2. Crawler Scheduling
SharePoint's crawlers can
be scheduled to perform full and incremental crawls at different
intervals and for different periods. This is done separately for each
content source, allowing for static content to be isolated from
recurring crawls and dynamic or frequently updated content to be
constantly refreshed. The scheduling configuration is done on the Edit
Content Source page of each content source at the end of the page.
It is recommended that
SharePoint content have a relatively aggressive incremental crawl
schedule while taking into consideration actual update frequency and
possible hardware limitations. Other content sources should have their
respective usage considered before scheduling incremental crawls.
It is wise to schedule a
full crawl on a regular basis to ensure database consistency.
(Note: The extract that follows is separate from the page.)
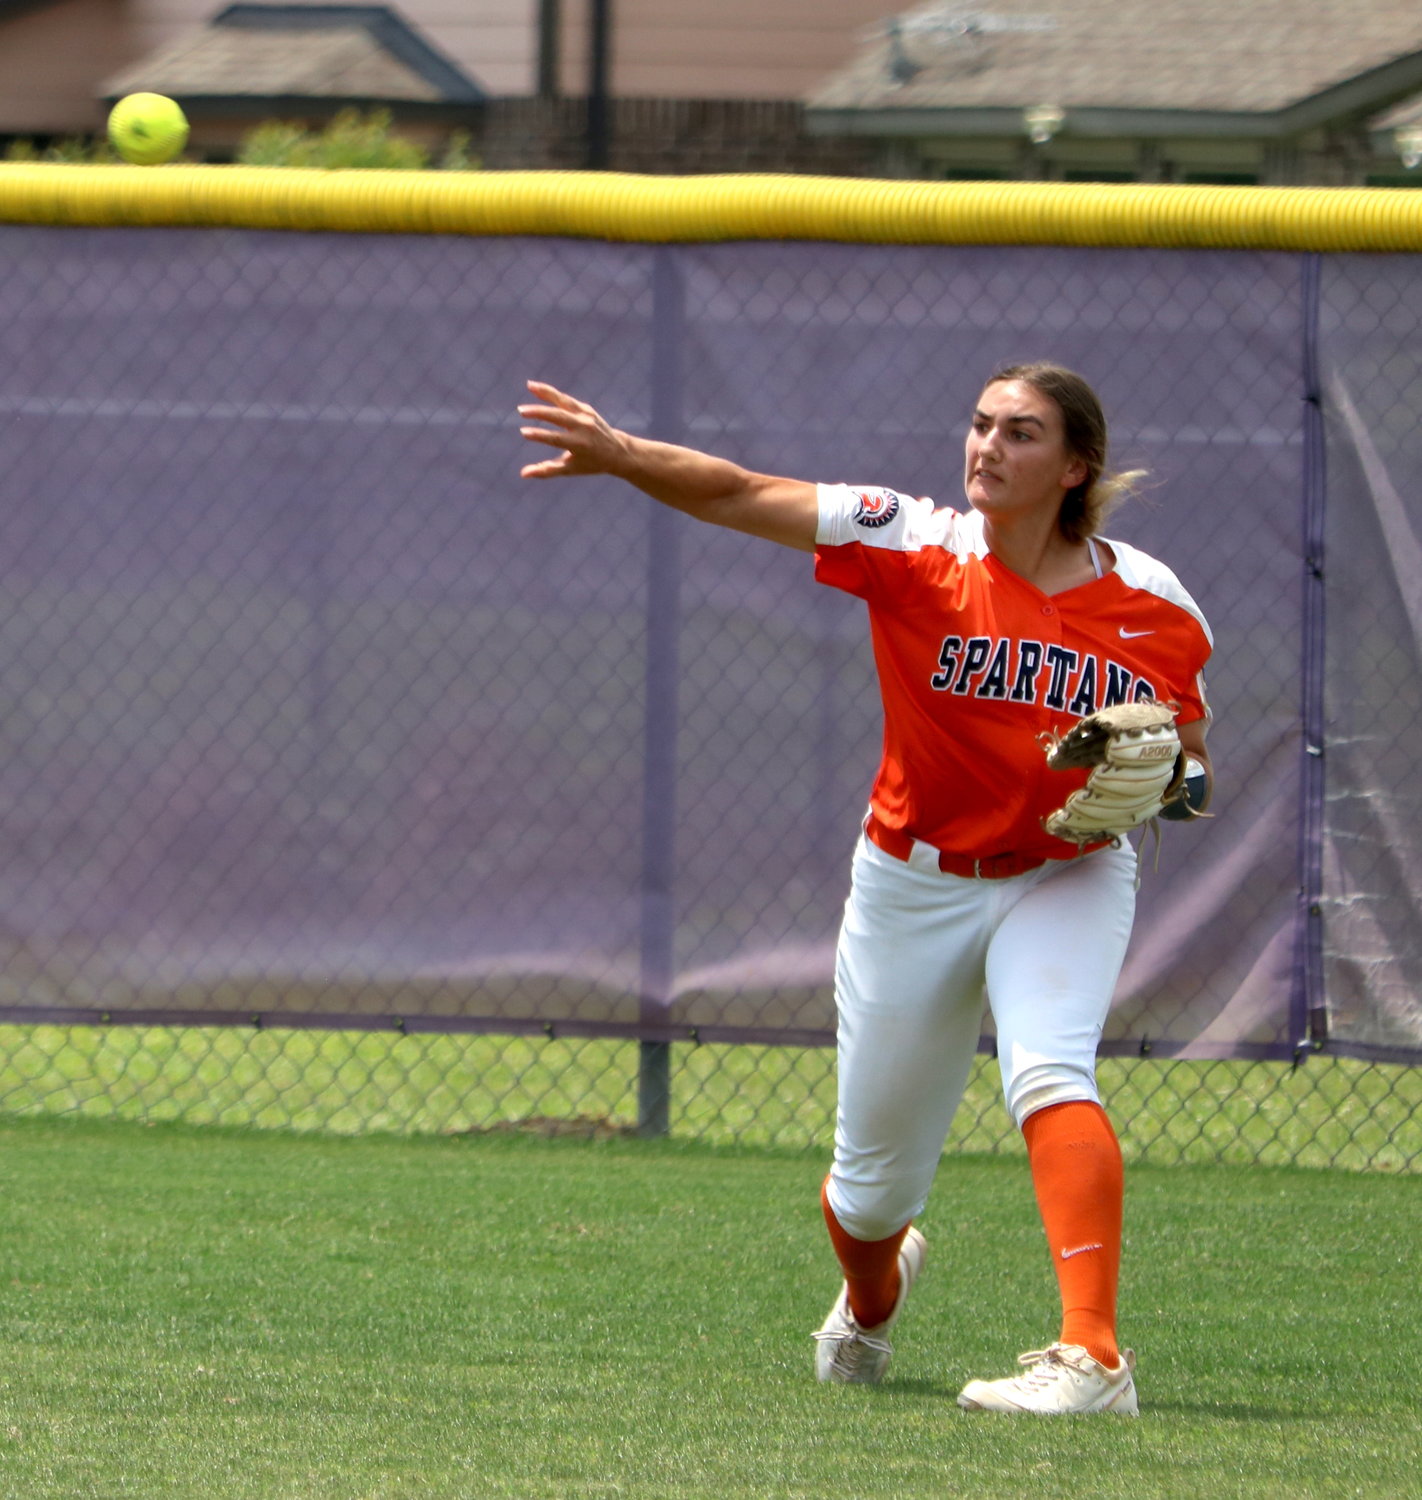 Meghan Kelly throws a ball towards home plate during Saturday’s bi-district round game between Seven Lakes and Ridge Point at the Ridge Point softball field.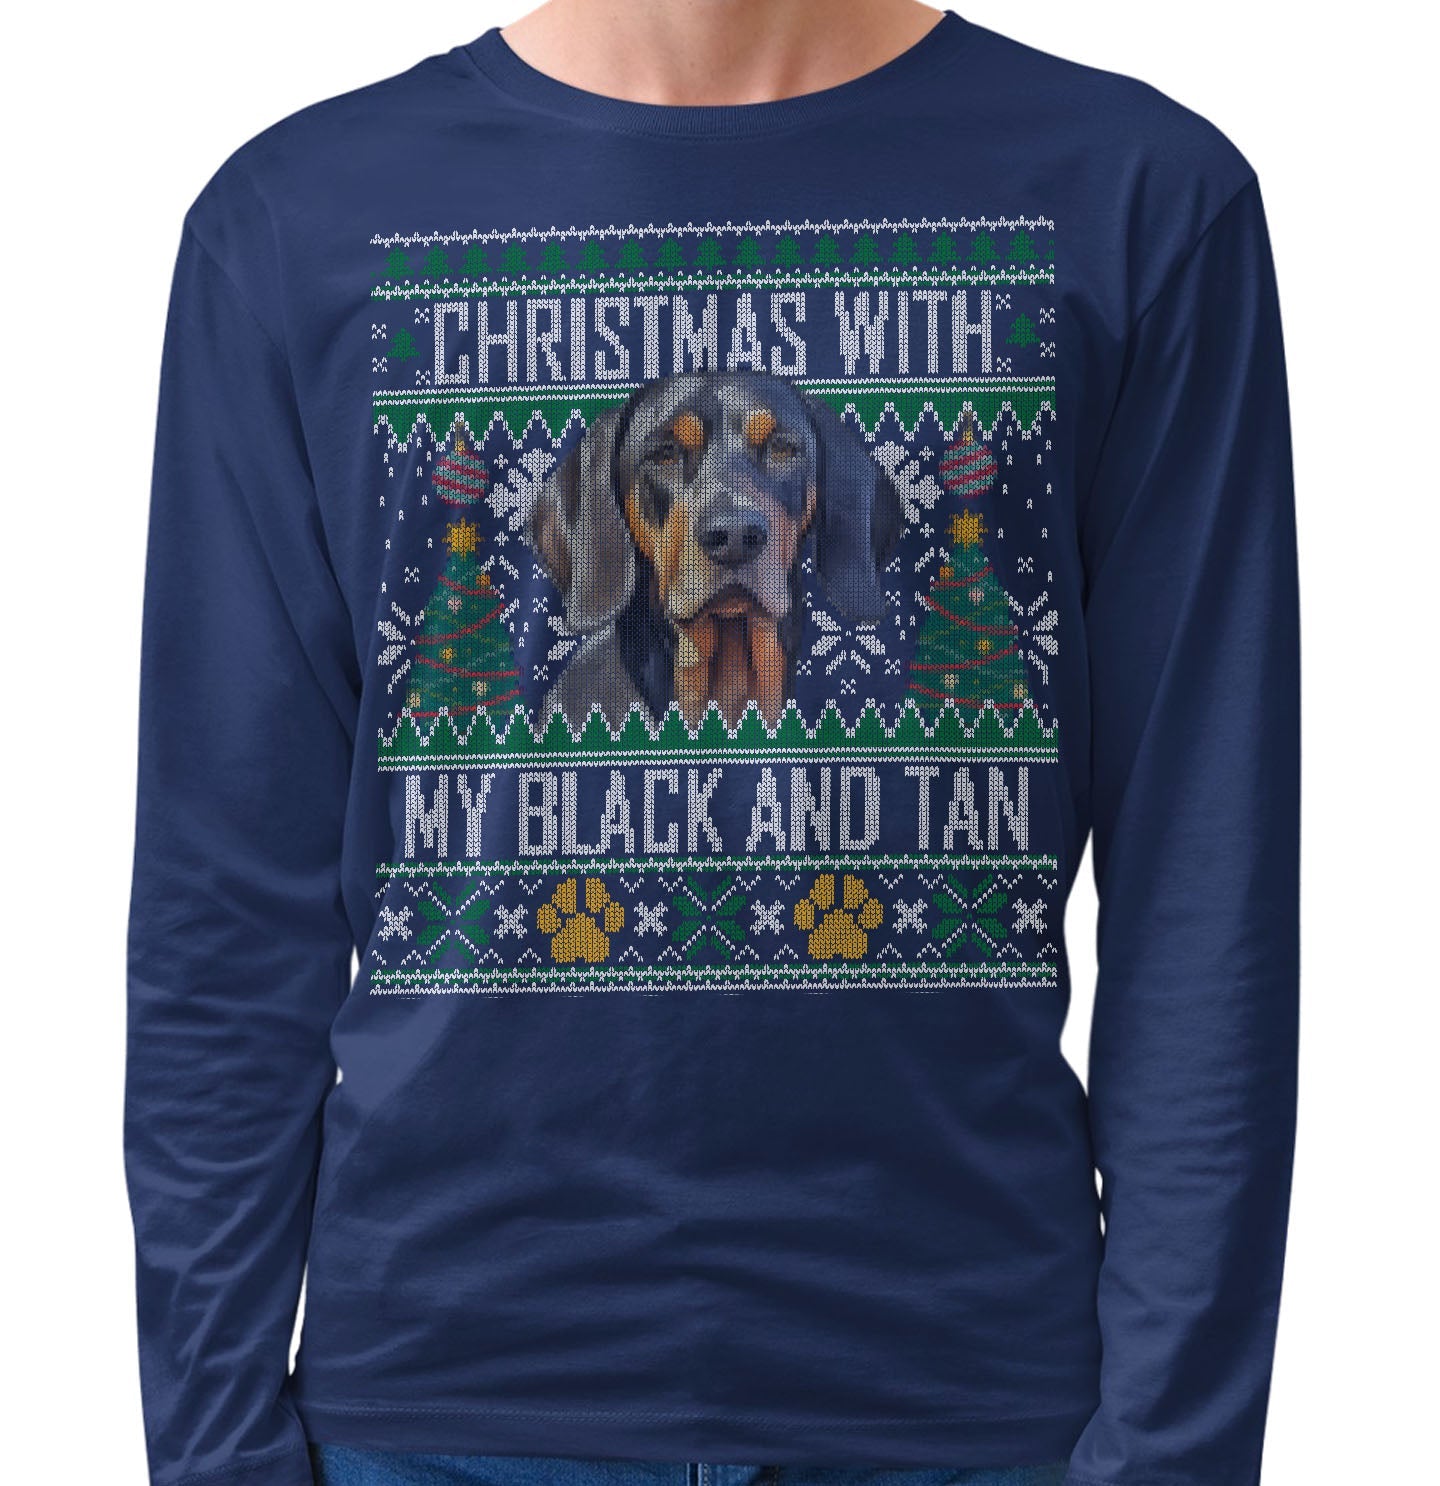 Ugly Sweater Christmas with My Black and Tan Coonhound - Adult Unisex Long Sleeve T-Shirt

However,
this regular schedule will depend largely on the time it takes to
perform a full crawl. Some organizations with large repositories may
choose to avoid full crawls after their initial index is populated.
Figures 2 and 3
show the part of the Edit/Add Content Sources page where a full crawl
or incremental crawl can be scheduled and the Manage Schedules page
(accessed through the "Create schedule" and "Edit schedule" links) with
the options for scheduling those crawls.
2.1. Full vs. Incremental Crawls
SharePoint 2010 has
two types of crawl mechanisms, full and incremental. Incremental crawls
perform more efficiently and can keep the index up to date in near real
time (Figure 4).
However, at least one full crawl of a content source is always required
and there may be other occasions when a full crawl is required.
During a full crawl, the
crawler queries the content source and requests all the content for the
first time. It then saves that data in the index and crawl database with
date stamps and item IDs. Every time a full crawl is launched, this
process is begun from scratch and old data is abandoned.
A full crawl is required when
A new content source is added—any new content source requires a full crawl initially.
A new file type is added—new file types cannot be picked up on an incremental crawl.
A new managed property is mapped from a crawled property.
Managed property mappings are changed or a new crawled property is added to an existing managed property.
New crawl rules are added, changed, or removed—crawl rule modification requires a full crawl to take effect.
The index becomes corrupted or performs irregularly—this should almost never happen but should not be ruled out.
During an incremental
crawl, the crawler looks at the crawl database to determine what has
been crawled or not crawled, and then requests updated information from
the source depending on the content source type. In this way, the
crawler can collect only documents that have been added or updated since
the last crawl or remove documents from the index that have been
removed from the content source.
If a situation exists
where an incremental crawl is inappropriate or not possible, SharePoint
will start a full crawl instead. In this way, the search index will not
allow for the crawler to stop crawling on schedule and will not launch a
crawl that will corrupt the index.